ESnet also made many operational enhancements to the development process of the Orchestrator application: expansion of the automated test suite improved the quality of the code, and Jira automation increased the team’s velocity and ability to monitor workload.

The network service orchestration architecture.

Supporting IPv6 Adoption and Standardization

The new Internet protocol IPv6 was first introduced in 1998 to address the shortfall of unique IP addresses available under IPv4. Despite the improvements in efficiency and security that come with IPv6, adoption in the United States and around the world has been slow.

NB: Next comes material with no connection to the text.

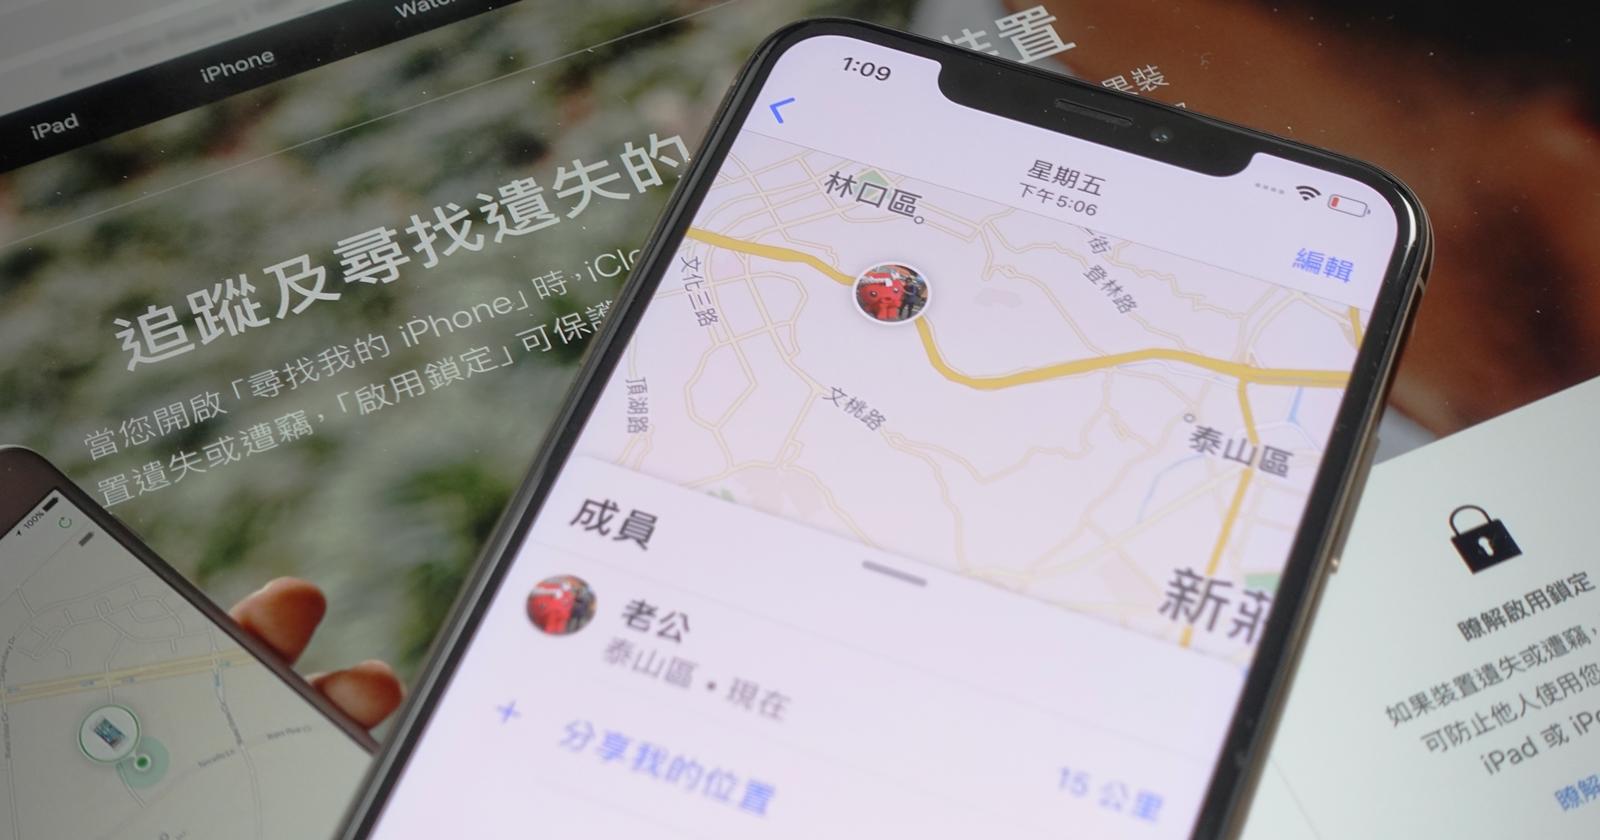 【iOS 13】提高手機遺失找回的機率,新「尋找」功能將尋找裝置和尋找朋友二合一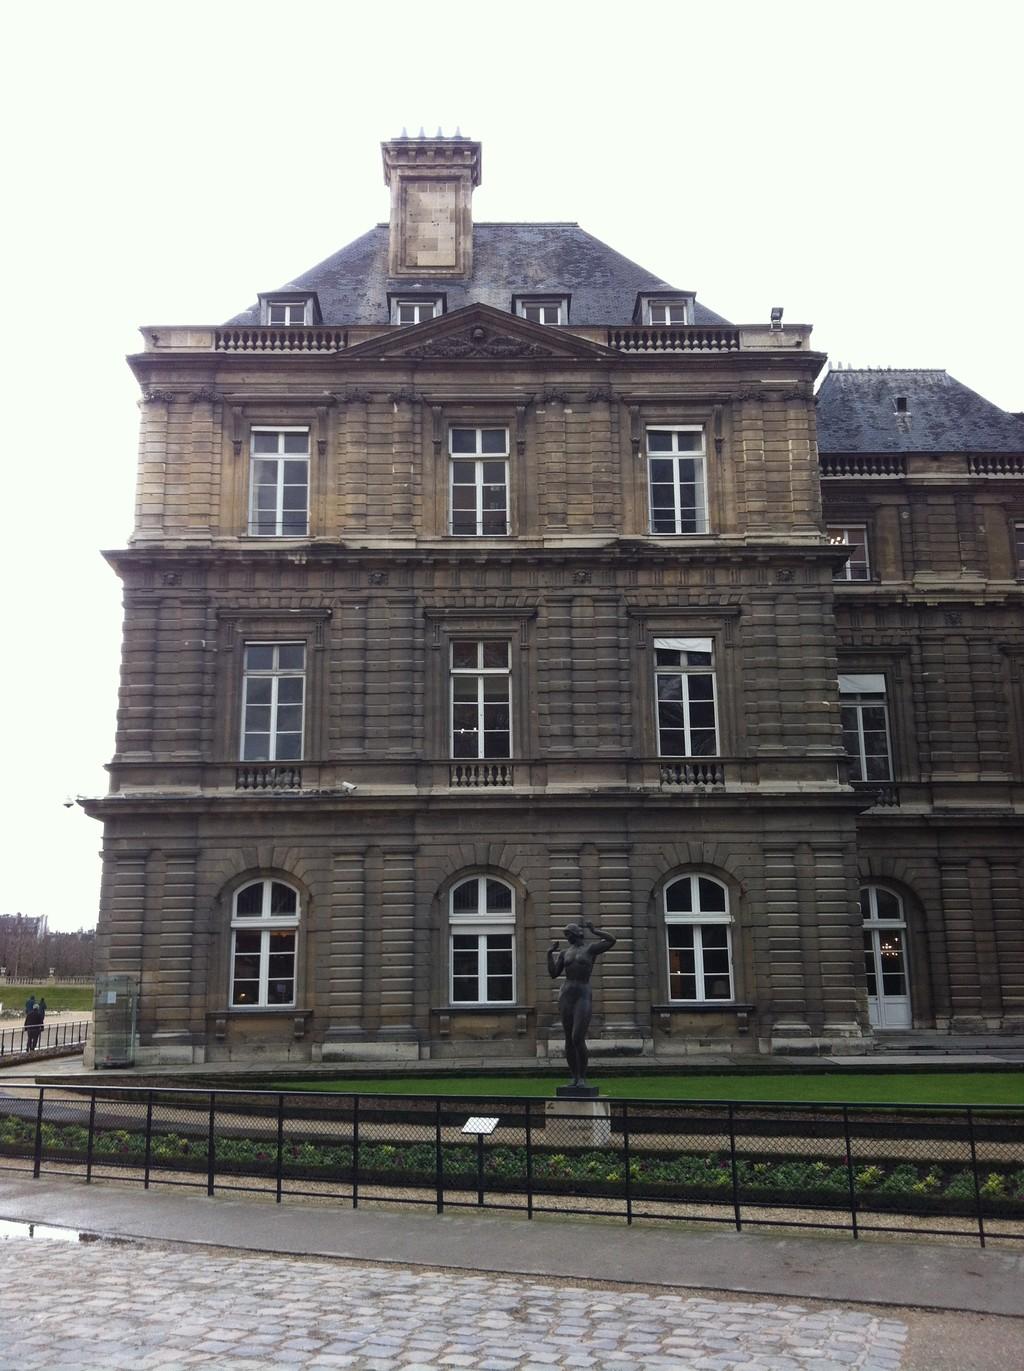 Jardin du luxembourg bezienswaardigheden in parijs for Jardin luxembourg

As the DOE laboratories’ scientific network, ESnet has naturally co-led both the DOE IPv6-only Implementation Team and the community of practice groups, providing forward momentum and input on migration off of IPv4 and developing transition mechanisms for that migration path. With the team, ESnet staff organized multiple community practice sessions and worked with many entities, both within the DOE and in the larger federal government space. ESnet team members presented at and participated in the larger USG Federal IPv6 Task Force, providing important input and updates on the recently published NSA IPv6 security guidelines. ESnet staff also authored three active Internet Engineering Task Force drafts, offering information about extensive testing, lab work, and operation deployments relevant
to the success of this effort.

Strengthening the Security Landscape

ESnet has built a strong security program with a rich history of expertise in network security monitoring. It is one of the key partners supporting the Zeek open-source project, and in response to the White House’s 2022 cybersecurity strategy, ESnet has launched its own Zero Trust program and developed a whitepaper that sets its security strategy for years to come. The security team was also essential in the successful completion of the ESnet6 project: it developed ESnet’s first security service as one of the key performance parameters, allowing ESnet to block and isolate traffic quickly on the WAN for customers. The team also released the open-source SCRAM (Security Capture and Release Automation Manager) tool, enabling our partner sites to better protect their networks.